- _Task_:
Reproduce the lines below exactly. Skip images.

- _Dataset content_:
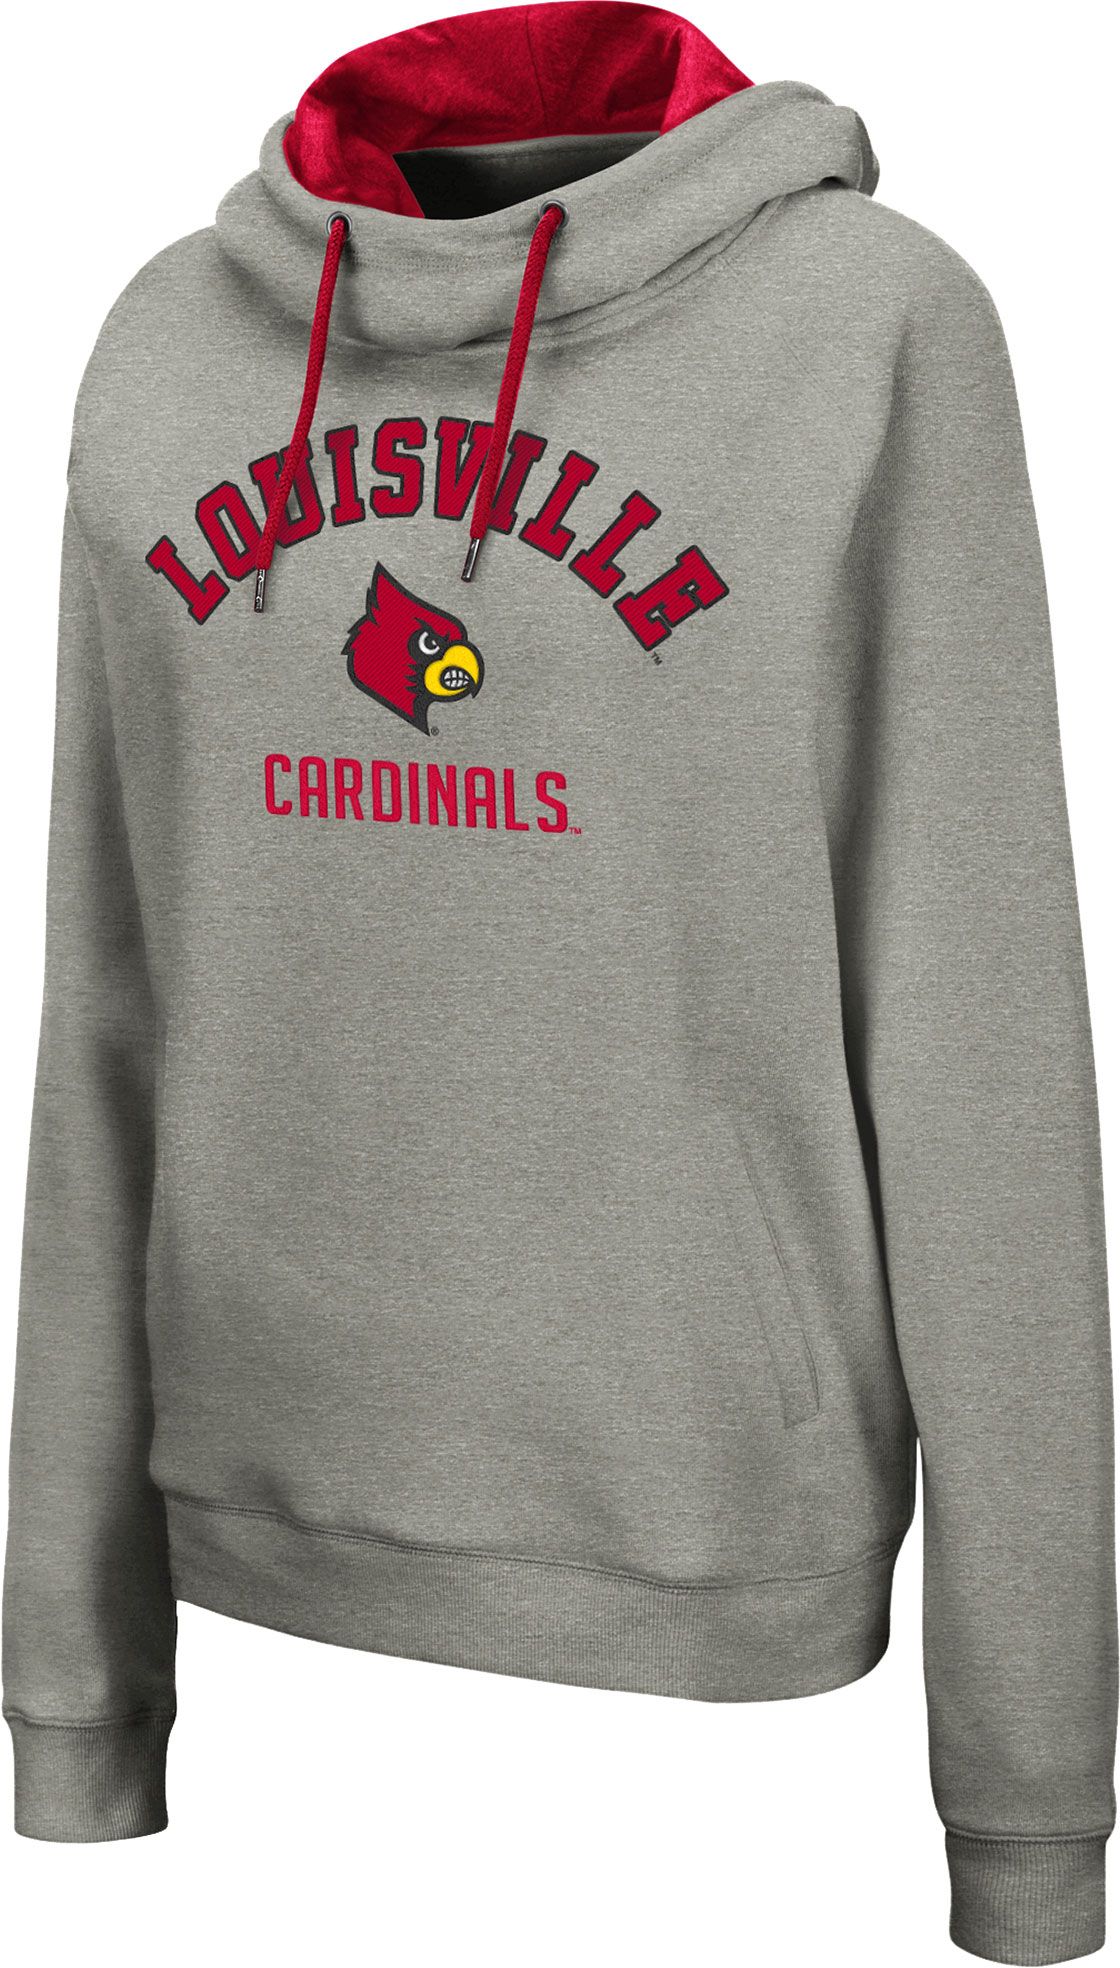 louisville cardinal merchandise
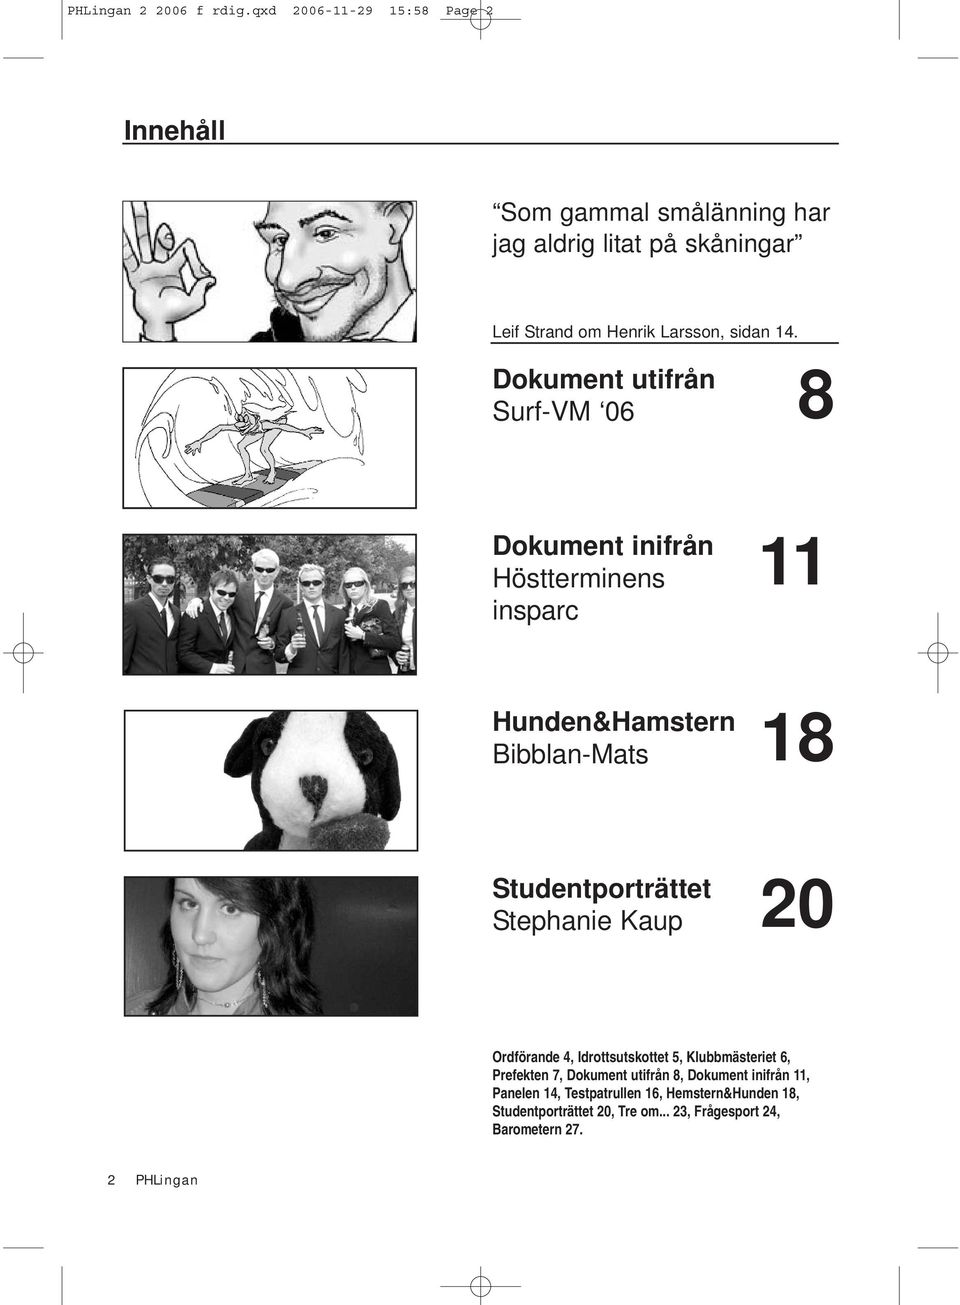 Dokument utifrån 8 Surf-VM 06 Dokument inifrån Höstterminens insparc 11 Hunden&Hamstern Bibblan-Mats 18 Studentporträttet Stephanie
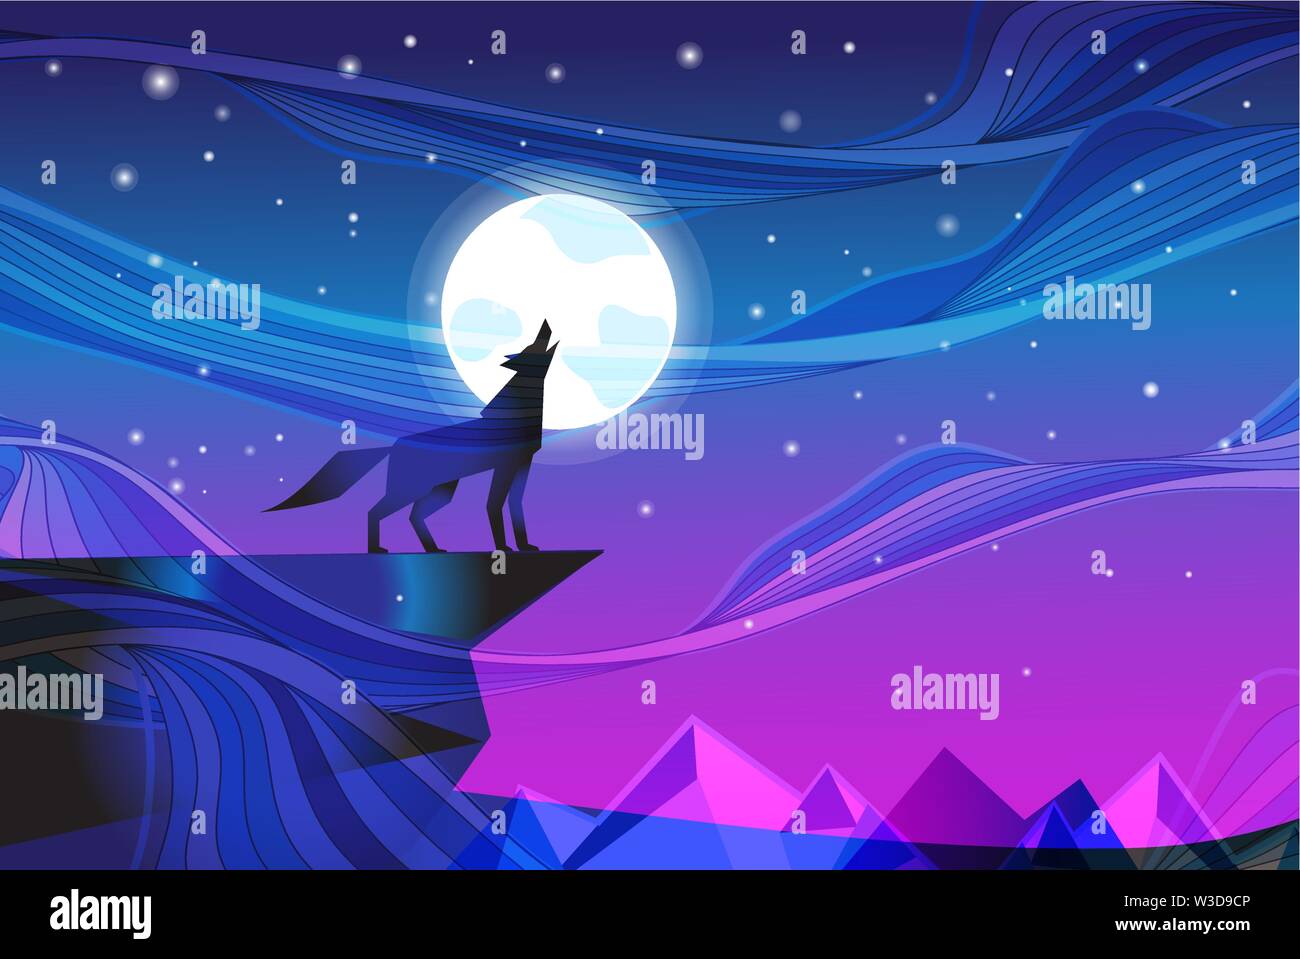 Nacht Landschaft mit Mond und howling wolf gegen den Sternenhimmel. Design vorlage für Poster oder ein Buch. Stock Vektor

- _Answer to this task_:
 louisville cardinal merchandise
 Dokument utifrån 8 Surf-VM 06 Dokument inifrån Höstterminens insparc 11 Hunden&Hamstern Bibblan-Mats 18 Studentporträttet Stephanie
 Nacht Landschaft mit Mond und howling wolf gegen den Sternenhimmel. Design vorlage für Poster oder ein Buch. Stock Vektor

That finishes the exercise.